None of these are promises, of course – they’re aggregated forecasts – but they illustrate why several banks now see Persimmon as a recovery‑phase cyclical rather than a value trap.


Dividend profile and capital structure

Income investors continue to watch Persimmon closely, given its long history of high payouts.

Dividends

StockInvest’s dividend history shows that in 2025 Persimmon has so far paid: [28]

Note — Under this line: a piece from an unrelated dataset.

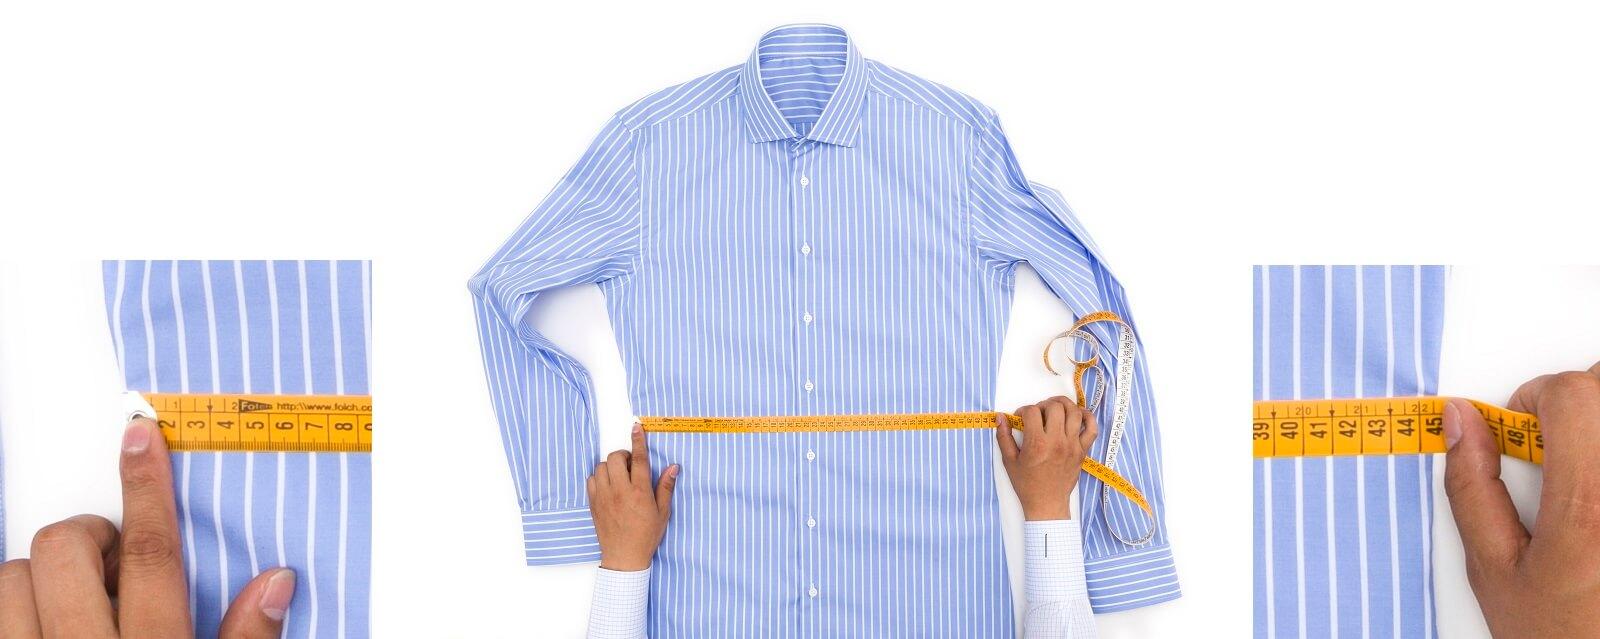 Como se mide la cintura de una camisa

  • 40p per share (July 2025)
  • 20p per share (November 2025)

Total ordinary dividends of 60p on a share price around 1,300–1,350p equate to a headline yield in the 4.4–4.7% range, broadly matching figures cited by Hargreaves Lansdown. TS2 Tech+1

Management has signalled a focus on sustainable dividends funded from underlying cash flows, rather than the extremely generous special distributions seen pre‑2020, especially while the group is investing heavily in land and outlet expansion. [29]

Share count and dilution

Recent regulatory filings provide clarity on Persimmon’s capital base:

  • As of 30 November 2025, the company had 320,459,736 ordinary shares of 10p in issue and no treasury shares, meaning the total voting rights equal the number of shares outstanding. [30]
  • A block listing interim review covering the period from June to November 2025 shows only modest issuance under employee share schemes: about 4,899 shares via the 2018 SAYE plan and 160,152 shares via the 2017 performance share plan, leaving more than 6.5m shares still unallotted under those schemes. [31]

For now, dilution from options appears limited, and the share count is relatively stable.

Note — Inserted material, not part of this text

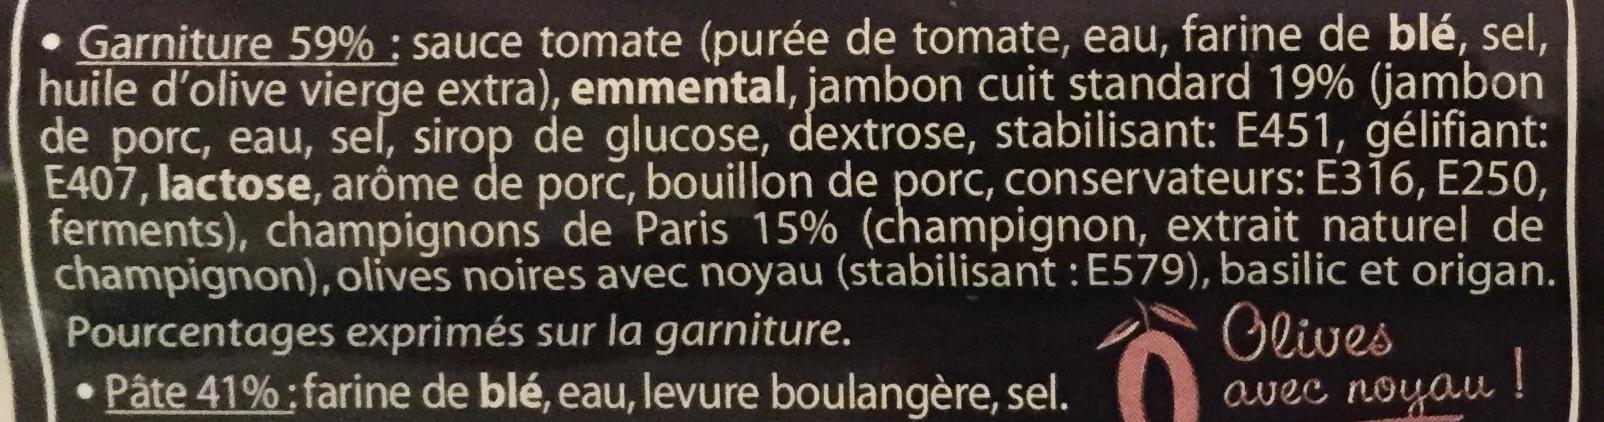 La Pizz - Jambon Champignons de Paris - Ingrédients

Valuation and technical picture

Putting the pieces together, how is the market currently valuing Persimmon?

From the late‑November TS² and Hargreaves Lansdown data: TS2 Tech+1

  • P/E ratio: roughly 14x trailing earnings.
  • Dividend yield: about 4.5–5%, assuming ordinary payouts remain around current levels.
  • Shares trade below long‑run valuation averages for the sector and below pre‑2022 multiples, but well above the 2023 troughs.

On the technical side: [32]

  • Price has climbed above the 200‑day moving average (around 1,210p).
  • Short‑term trading tools show resistance in the mid‑1,330s to mid‑1,340s and support a little above 1,300p, with daily moves of 2–3% entirely plausible.

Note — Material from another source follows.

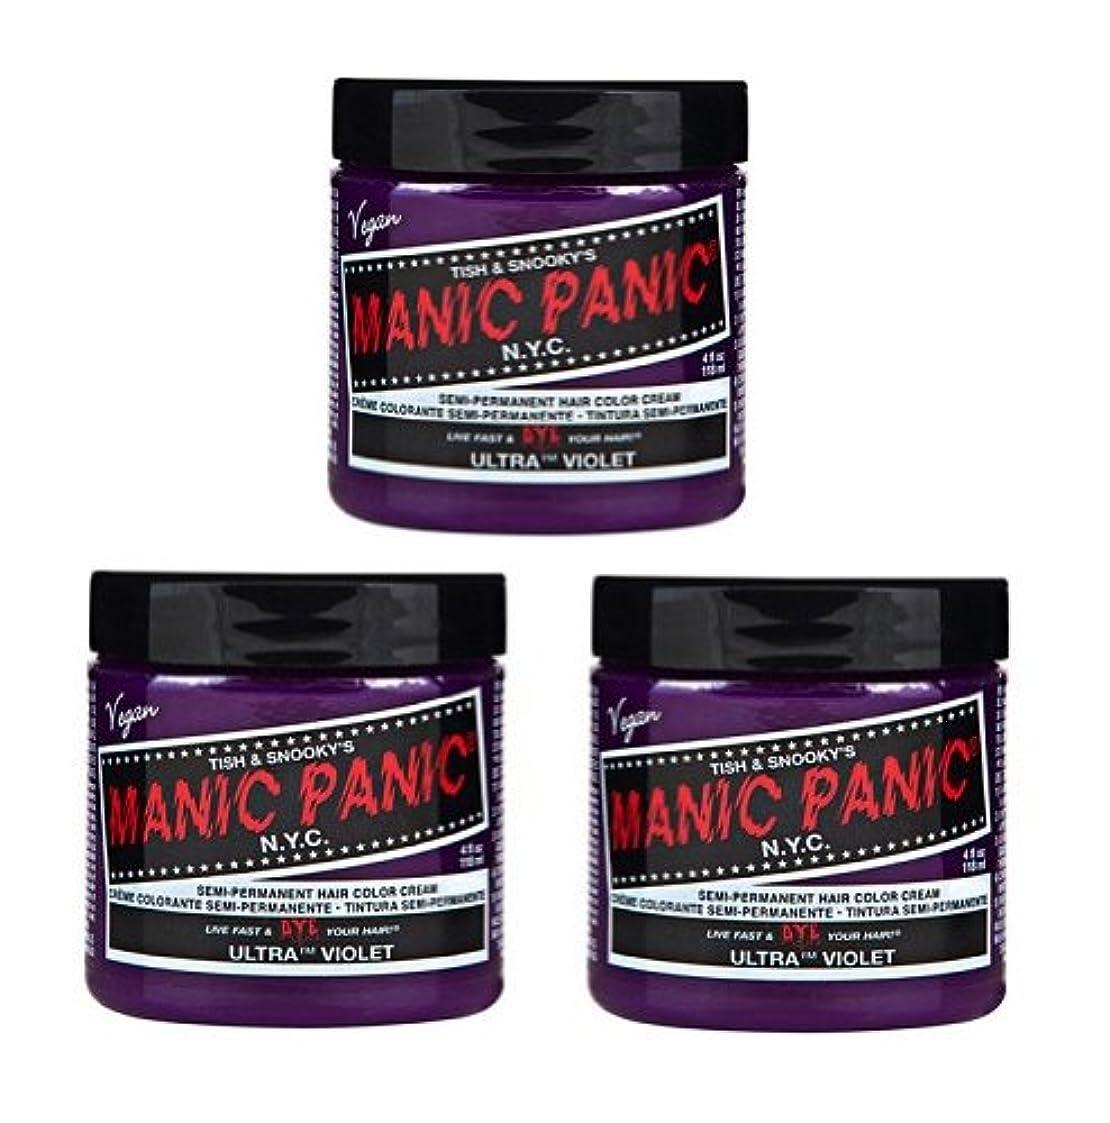 無傷クランプ遅い【3個セット】MANIC PANIC マニックパニック Ultra Violet ウルトラヴァイオレット 118ml

Various AI‑driven and quantitative models lean mildly bullish in the near term, classifying Persimmon as a “buy candidate” on technical momentum, while noting the usual caveat that volatility and macro shocks can quickly reverse recent gains. [33]


Key risks to the Persimmon Plc investment case

Even with the RBC upgrade and stronger order book, several risks continue to hang over Persimmon stock:

  1. Interest rates and affordability
    Mortgage costs remain high by the standards of the 2010s, and management repeatedly flags affordability pressures as a headwind to demand. A slower‑than‑expected fall in financing costs, or renewed inflation, could choke off the nascent recovery. [34]
  2. Planning and political risk
    The Draycott/M5 appeal win shows how large schemes can be delayed or reshaped by local and national politics. Any reversal in planning reforms or additional developer levies could weigh on volumes and margins. TS2 Tech+1
  3. Cost inflation and labour shortages
    Persimmon aims for low single‑digit build cost inflation, but continues to face pressure from wages and materials. A renewed spike here would squeeze margins unless offset by further efficiency gains or price rises. [35]
  4. Reputation and build quality
    While the five‑star customer rating is a clear positive, reputational scars from past issues have not fully disappeared. Any high‑profile quality failures could hurt brand equity, planning outcomes and ultimately pricing power. TS2 Tech
  5. Sector cyclicality
    Housebuilding is cyclical by nature: if the broader UK economy underperforms, or unemployment rises sharply, demand for new homes could weaken regardless of policy support.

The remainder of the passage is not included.